Once we got into Mike's room I closed and locked the door. It was then that he decided to speak.

"Kellin what are you doing here? And why are we in my brothers room?" Looking less confused and more annoyed. Who the fuck told him he could be annoyed. Like you've been ignoring me since we went to lunch with our parents.

"We seriously need to talk and I knew that if I called you, you probably wouldn't answer. So I called Mike to make sure that you that you were here." I said taking the calm approach. Well trying because I'm normally a drama queen.

"That little shit. He told me he was on the phone with.." He cut himself off "nevermind. Fine. Since you want to talk when we obviously have nothing to talk about then go ahead and talk."

"You think we have nothing to talk about?" I scoffed and he stood there like I was boring him. "Vic you're a fucking idiot! Are you still fucking Hayley?"

He looked taken back by that. But at this point I didn't care. "Are you still fucking Oli?" He resorted.

"Don't you try to pin this on me. Are you still fucking that bitch?" I asked. There was a knock on the door but I don't care. But obviously Vic did.

"What?!" He shouted through the door.

"Vic I'm leaving." I turned back to Vic to see the look on his face. He looked confused.

I turned to open the door but Vic stopped me. I glared at him and opened it anyways. When I opened the door I wish I hadn't. Because on the other side of the door stood someone that I grown to hate.

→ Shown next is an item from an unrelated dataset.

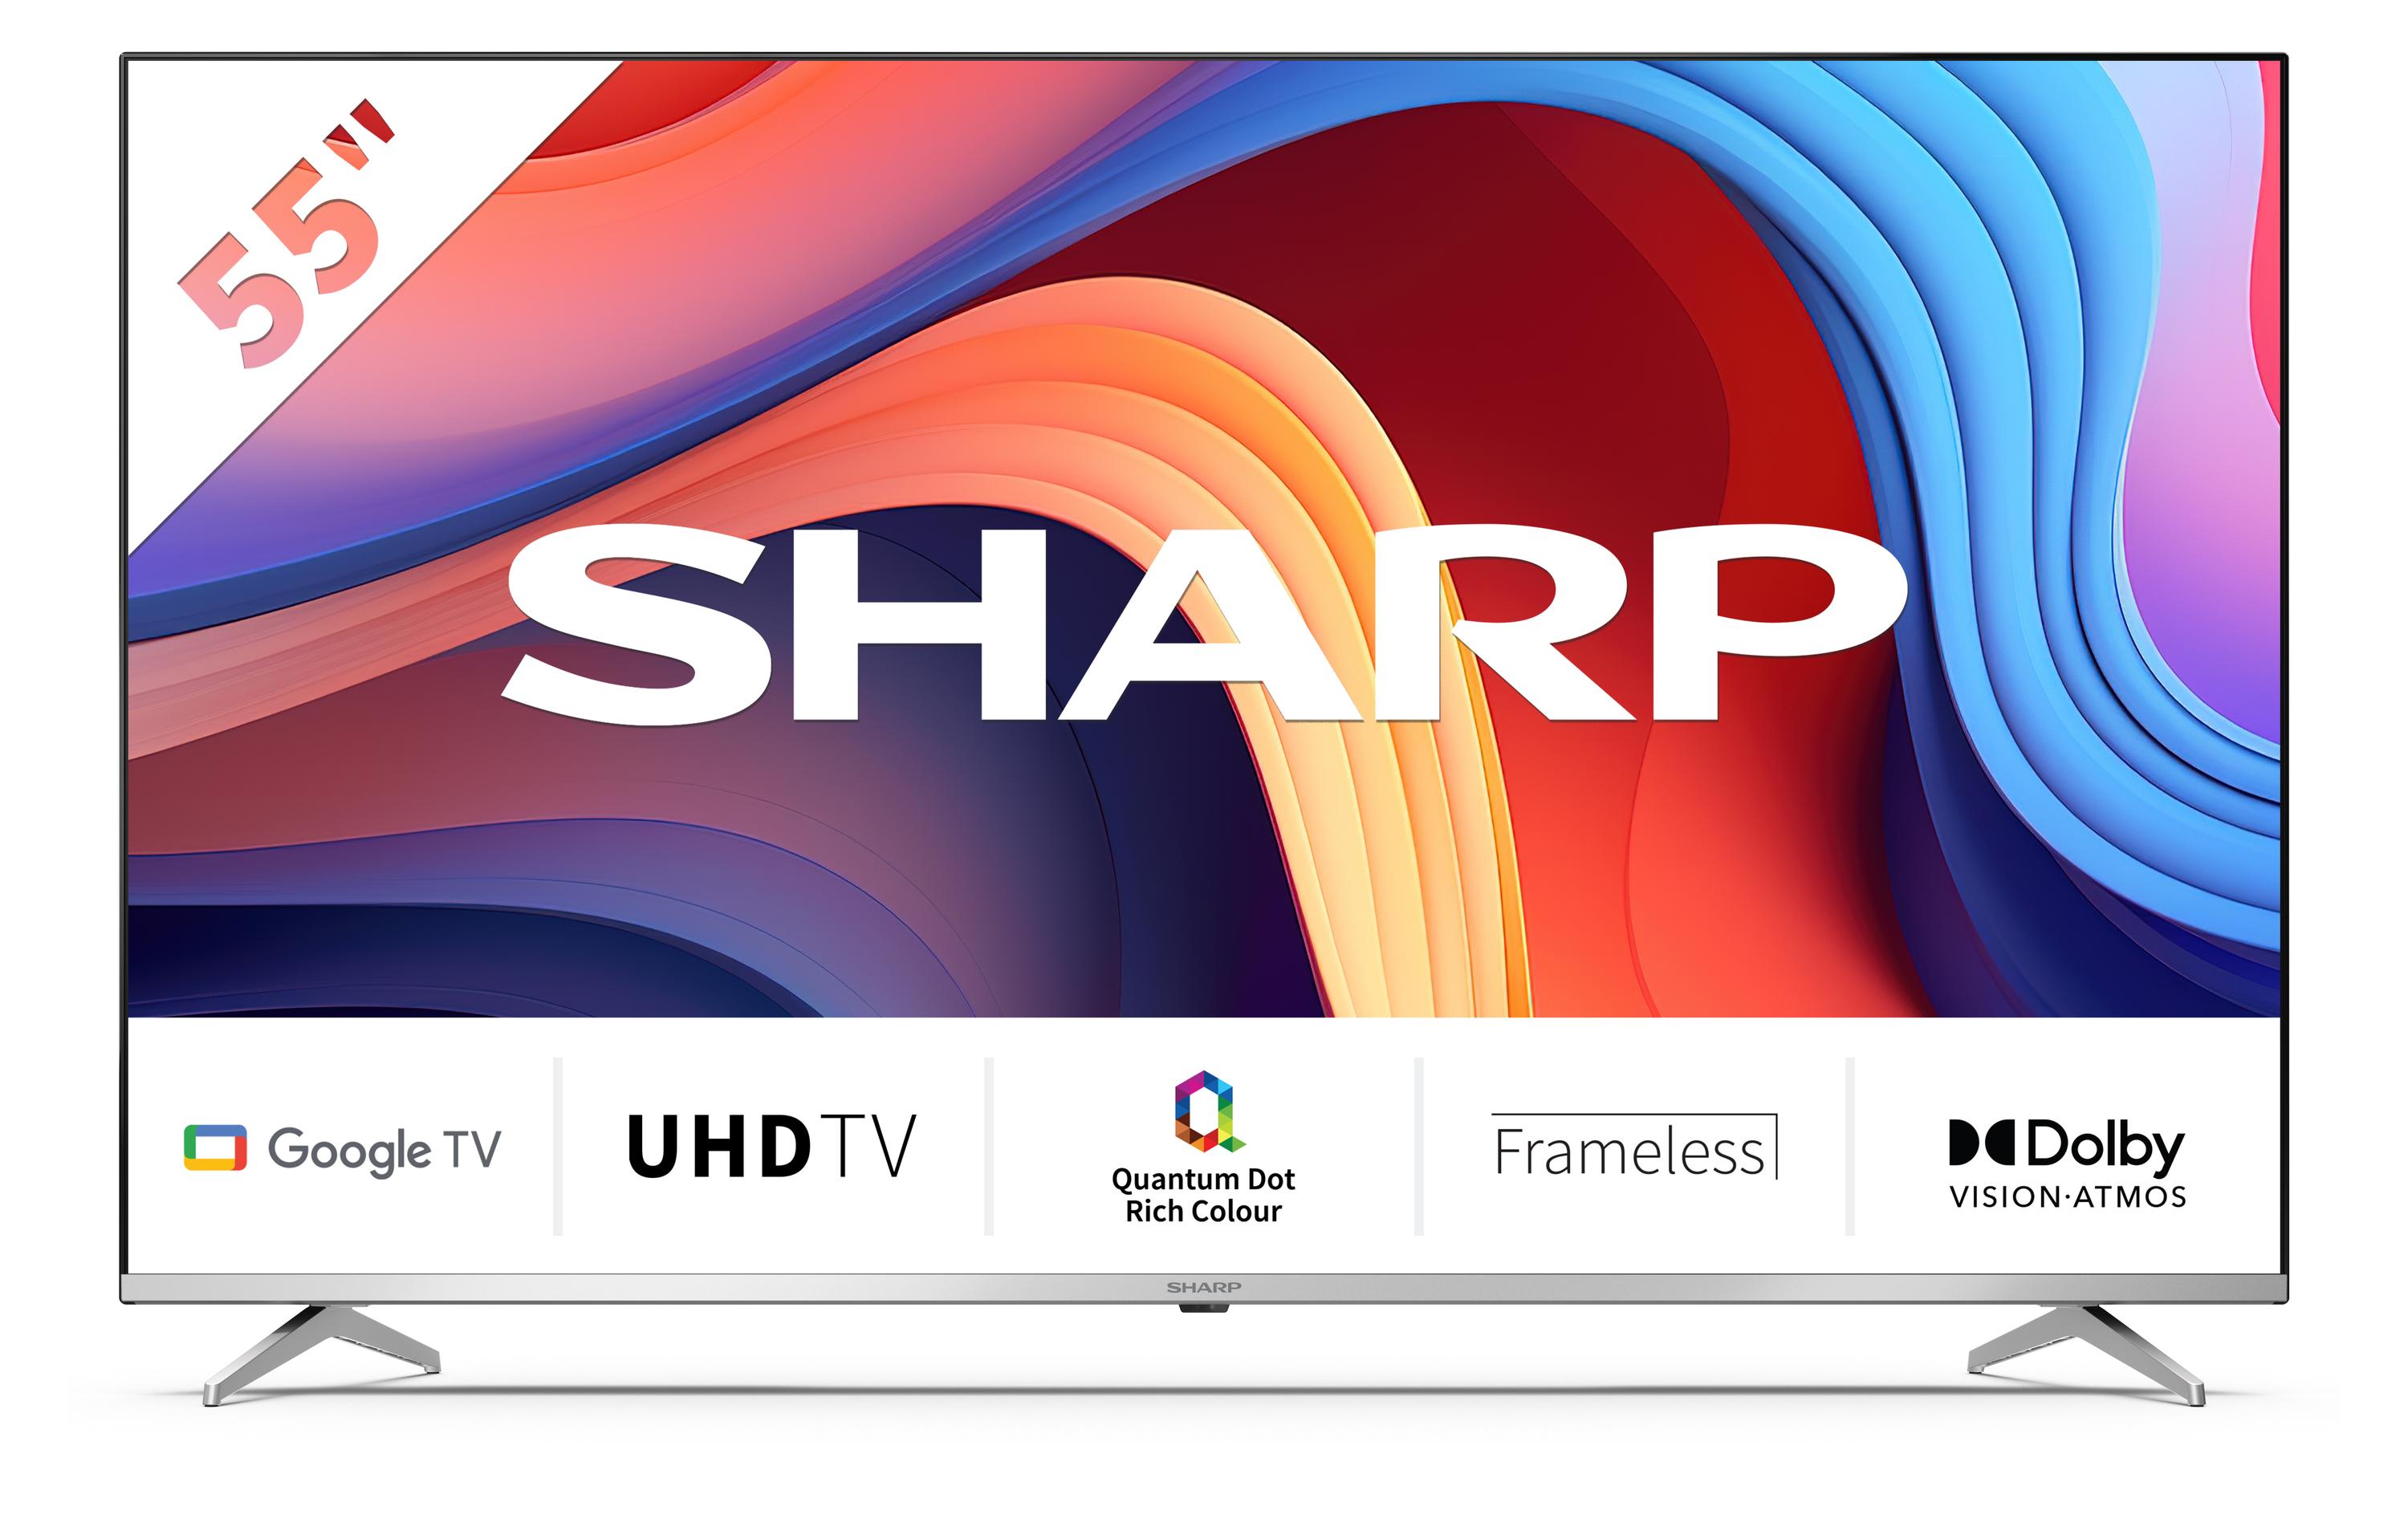 Sharp TV 55GP6260E 55, 3840 x 2160 (Ultra HD 4K), QLED
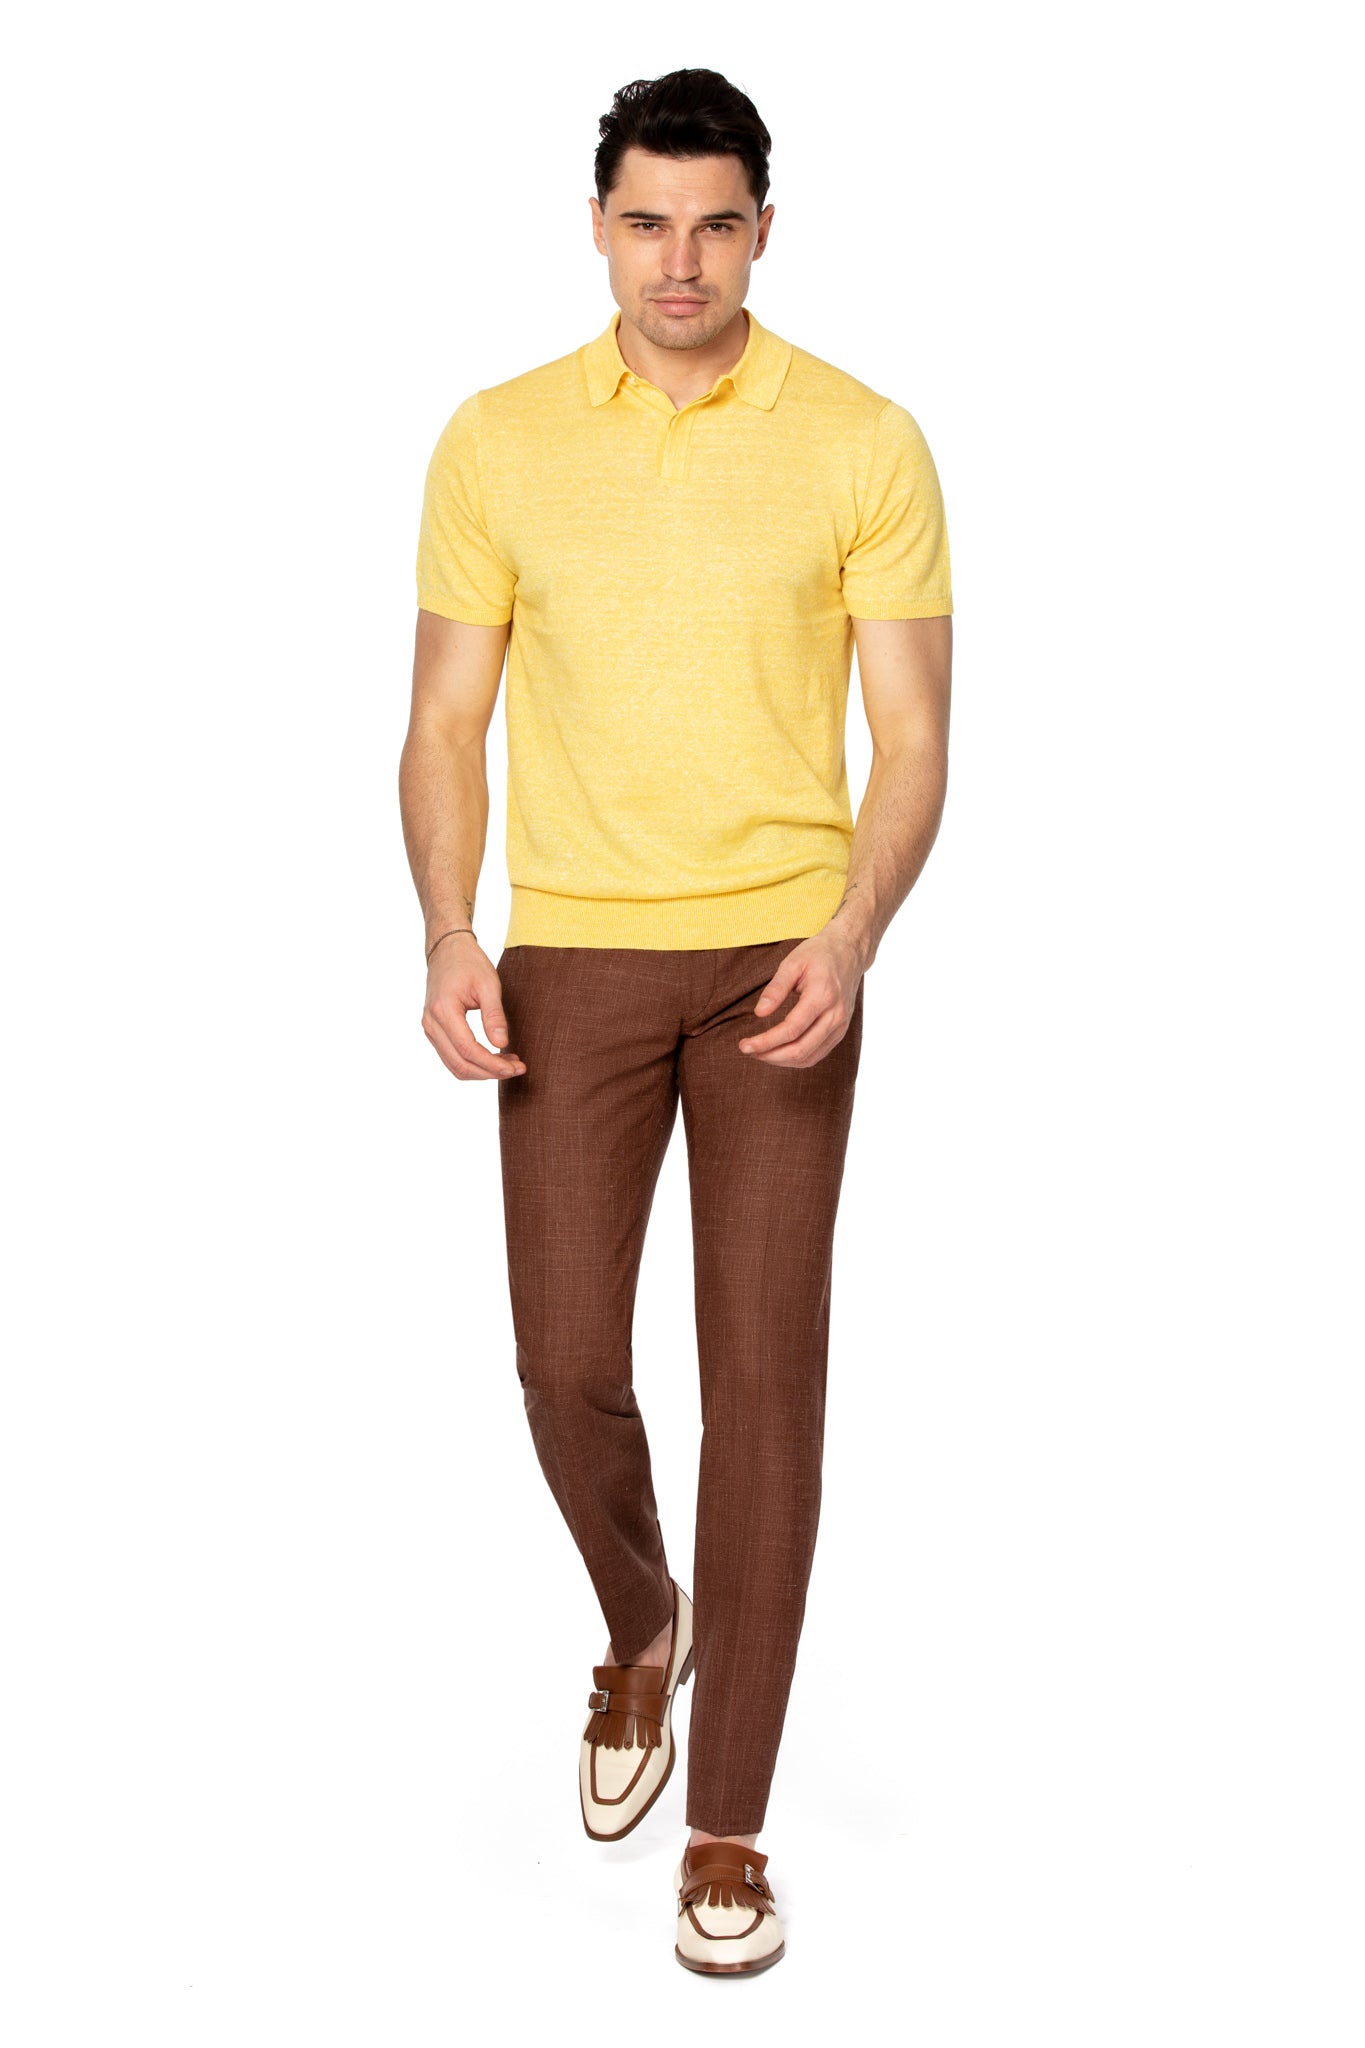 Yellow polo shirt in merino wool and linen

"What are you doing here?" I said calmly but on the inside I wanted to fight this bitch.

She looked past me and at Vic. "Vic I'm leaving. Call me later." She said wit a seductive smirk and winked at him before she left and walked down the stairs.

I didn't turn to face Vic. I couldn't stand to look at him right now. "To answer your question. No I am not still fucking Oli. But now I know the answer to mine." I turned to face him and I wish I hadn't. His face held no form of emotion. Like he didn't care. I guess old habits never die. "Vic I'm over this. I'm not going to try to be with someone who can't get over his ex. All you had to do was stay away from her. But you can't even do that. Who else are you sleeping with still?"

He thought about it for minute and I did not want to hear the answer. But he gave it anyways. "Jeremy, Hayley, Andy, Christofer, You, half of Mission Bay."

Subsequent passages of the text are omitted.